### What is required
Starting at the line that contains "radical botanics" in the listing below, write out every line word for word until you have written the line that contains "tuna melt sandwich on the cutting board".

(Task data)

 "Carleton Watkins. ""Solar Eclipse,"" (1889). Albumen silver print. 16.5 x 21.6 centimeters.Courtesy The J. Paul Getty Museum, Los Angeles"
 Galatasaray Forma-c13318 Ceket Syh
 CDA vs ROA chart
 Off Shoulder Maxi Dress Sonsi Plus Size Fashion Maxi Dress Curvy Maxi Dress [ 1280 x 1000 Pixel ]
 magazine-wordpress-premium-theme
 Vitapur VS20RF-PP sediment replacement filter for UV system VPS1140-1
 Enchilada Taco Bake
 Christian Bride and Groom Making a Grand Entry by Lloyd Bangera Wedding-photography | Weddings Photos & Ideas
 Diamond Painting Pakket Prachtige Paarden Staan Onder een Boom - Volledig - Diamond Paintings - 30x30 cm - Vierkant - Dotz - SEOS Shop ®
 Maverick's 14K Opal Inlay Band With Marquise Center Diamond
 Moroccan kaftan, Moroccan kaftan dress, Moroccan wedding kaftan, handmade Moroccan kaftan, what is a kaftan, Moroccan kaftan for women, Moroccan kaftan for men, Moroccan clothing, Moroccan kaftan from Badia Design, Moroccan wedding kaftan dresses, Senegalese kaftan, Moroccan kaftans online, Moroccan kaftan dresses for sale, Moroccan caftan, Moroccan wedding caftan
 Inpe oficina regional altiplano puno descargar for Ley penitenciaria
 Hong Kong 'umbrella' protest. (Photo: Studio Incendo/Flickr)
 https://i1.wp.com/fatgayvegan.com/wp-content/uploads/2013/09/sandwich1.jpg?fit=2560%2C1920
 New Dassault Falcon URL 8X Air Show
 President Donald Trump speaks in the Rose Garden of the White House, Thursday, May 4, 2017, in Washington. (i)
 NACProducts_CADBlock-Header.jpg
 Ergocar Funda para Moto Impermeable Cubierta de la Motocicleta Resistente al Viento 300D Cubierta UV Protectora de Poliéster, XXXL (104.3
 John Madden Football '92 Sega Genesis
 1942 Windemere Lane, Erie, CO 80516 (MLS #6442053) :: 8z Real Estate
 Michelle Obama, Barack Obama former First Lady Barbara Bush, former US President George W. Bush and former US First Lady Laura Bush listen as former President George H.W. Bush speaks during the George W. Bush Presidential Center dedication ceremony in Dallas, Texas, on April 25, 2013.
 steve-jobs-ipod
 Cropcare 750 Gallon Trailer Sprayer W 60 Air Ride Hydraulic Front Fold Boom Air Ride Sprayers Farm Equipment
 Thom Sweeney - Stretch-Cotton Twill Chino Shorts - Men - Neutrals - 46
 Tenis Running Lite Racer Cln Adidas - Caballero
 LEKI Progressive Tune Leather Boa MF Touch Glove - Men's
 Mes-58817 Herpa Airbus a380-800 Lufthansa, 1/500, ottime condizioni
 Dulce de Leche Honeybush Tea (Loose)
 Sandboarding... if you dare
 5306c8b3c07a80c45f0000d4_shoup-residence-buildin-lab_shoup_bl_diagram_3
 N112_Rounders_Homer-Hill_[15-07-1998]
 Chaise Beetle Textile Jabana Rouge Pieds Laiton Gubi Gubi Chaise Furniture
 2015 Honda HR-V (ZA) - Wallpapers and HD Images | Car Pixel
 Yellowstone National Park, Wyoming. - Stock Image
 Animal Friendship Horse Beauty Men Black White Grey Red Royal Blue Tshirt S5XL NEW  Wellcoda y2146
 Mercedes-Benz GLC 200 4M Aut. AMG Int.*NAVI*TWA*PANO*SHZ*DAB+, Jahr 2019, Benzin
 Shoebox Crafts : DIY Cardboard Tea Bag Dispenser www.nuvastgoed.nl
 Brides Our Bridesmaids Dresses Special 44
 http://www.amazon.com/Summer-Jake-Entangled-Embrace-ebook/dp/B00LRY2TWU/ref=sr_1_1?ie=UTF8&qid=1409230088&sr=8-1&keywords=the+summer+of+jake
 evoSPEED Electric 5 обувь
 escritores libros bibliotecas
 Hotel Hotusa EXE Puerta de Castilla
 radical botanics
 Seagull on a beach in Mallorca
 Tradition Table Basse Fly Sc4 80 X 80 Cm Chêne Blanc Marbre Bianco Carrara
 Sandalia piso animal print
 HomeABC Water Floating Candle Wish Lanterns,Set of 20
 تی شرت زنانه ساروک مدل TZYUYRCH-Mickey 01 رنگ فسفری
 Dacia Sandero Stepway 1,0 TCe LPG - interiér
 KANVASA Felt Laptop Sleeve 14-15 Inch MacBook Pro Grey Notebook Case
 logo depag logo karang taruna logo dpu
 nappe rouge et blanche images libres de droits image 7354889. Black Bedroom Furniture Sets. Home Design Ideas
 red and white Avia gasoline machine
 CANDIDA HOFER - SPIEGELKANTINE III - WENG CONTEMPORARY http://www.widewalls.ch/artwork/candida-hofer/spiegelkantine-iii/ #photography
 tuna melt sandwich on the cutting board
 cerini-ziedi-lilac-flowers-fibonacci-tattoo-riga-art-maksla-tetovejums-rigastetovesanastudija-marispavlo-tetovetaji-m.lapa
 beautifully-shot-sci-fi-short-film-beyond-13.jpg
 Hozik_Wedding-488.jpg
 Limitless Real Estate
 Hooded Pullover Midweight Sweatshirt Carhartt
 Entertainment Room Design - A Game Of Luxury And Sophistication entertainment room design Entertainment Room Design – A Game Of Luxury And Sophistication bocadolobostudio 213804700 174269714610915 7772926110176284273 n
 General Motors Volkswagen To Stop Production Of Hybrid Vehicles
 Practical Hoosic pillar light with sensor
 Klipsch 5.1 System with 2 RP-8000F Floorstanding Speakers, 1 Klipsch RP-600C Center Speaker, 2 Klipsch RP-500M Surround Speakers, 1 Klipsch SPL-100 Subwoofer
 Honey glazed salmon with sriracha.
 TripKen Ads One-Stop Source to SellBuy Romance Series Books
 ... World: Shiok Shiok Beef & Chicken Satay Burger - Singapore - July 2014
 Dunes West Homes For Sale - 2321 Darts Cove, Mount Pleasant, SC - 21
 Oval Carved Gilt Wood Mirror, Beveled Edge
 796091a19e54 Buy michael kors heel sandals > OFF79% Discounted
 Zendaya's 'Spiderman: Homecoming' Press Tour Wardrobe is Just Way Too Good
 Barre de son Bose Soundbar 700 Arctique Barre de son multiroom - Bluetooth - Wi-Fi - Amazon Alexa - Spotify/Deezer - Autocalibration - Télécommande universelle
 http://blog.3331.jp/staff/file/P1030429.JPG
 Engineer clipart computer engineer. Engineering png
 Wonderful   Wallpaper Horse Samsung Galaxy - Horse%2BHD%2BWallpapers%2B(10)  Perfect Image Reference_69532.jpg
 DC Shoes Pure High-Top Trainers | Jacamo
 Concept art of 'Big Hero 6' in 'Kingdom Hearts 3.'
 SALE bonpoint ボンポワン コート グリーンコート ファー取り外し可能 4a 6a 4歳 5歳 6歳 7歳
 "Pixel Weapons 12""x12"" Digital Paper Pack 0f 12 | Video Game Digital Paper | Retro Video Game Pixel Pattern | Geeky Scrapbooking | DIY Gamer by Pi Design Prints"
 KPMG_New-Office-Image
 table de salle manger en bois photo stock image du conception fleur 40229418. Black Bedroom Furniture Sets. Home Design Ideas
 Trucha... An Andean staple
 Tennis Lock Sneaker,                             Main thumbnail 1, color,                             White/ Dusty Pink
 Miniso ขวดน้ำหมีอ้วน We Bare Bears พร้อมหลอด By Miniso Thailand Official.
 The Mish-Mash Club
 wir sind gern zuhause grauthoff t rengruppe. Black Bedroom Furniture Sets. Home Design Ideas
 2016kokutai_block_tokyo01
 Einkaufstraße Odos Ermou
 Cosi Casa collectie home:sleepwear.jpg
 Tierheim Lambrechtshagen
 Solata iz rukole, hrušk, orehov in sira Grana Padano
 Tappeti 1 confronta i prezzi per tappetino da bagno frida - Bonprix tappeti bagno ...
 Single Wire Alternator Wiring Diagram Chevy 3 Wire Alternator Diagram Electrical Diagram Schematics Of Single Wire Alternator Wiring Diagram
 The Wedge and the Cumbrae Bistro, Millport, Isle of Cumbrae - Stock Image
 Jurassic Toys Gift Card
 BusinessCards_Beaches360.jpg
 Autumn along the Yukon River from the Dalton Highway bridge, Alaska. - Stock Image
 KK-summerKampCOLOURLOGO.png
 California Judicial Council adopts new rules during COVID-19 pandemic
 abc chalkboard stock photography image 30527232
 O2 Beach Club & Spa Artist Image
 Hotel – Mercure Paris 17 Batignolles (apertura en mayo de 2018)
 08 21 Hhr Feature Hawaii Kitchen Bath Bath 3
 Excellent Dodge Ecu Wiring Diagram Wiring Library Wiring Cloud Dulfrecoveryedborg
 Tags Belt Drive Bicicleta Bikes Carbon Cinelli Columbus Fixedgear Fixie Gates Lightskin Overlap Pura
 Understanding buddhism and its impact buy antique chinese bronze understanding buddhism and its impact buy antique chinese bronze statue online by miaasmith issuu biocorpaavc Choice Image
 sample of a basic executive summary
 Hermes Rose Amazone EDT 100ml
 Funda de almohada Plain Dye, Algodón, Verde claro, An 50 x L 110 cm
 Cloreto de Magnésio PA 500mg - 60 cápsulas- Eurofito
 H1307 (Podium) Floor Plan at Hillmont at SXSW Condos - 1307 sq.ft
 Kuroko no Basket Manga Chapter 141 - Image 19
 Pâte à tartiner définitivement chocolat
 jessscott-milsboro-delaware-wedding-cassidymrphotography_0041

(End Task data)

### Result of this task
 radical botanics
 Seagull on a beach in Mallorca
 Tradition Table Basse Fly Sc4 80 X 80 Cm Chêne Blanc Marbre Bianco Carrara
 Sandalia piso animal print
 HomeABC Water Floating Candle Wish Lanterns,Set of 20
 تی شرت زنانه ساروک مدل TZYUYRCH-Mickey 01 رنگ فسفری
 Dacia Sandero Stepway 1,0 TCe LPG - interiér
 KANVASA Felt Laptop Sleeve 14-15 Inch MacBook Pro Grey Notebook Case
 logo depag logo karang taruna logo dpu
 nappe rouge et blanche images libres de droits image 7354889. Black Bedroom Furniture Sets. Home Design Ideas
 red and white Avia gasoline machine
 CANDIDA HOFER - SPIEGELKANTINE III - WENG CONTEMPORARY http://www.widewalls.ch/artwork/candida-hofer/spiegelkantine-iii/ #photography
 tuna melt sandwich on the cutting board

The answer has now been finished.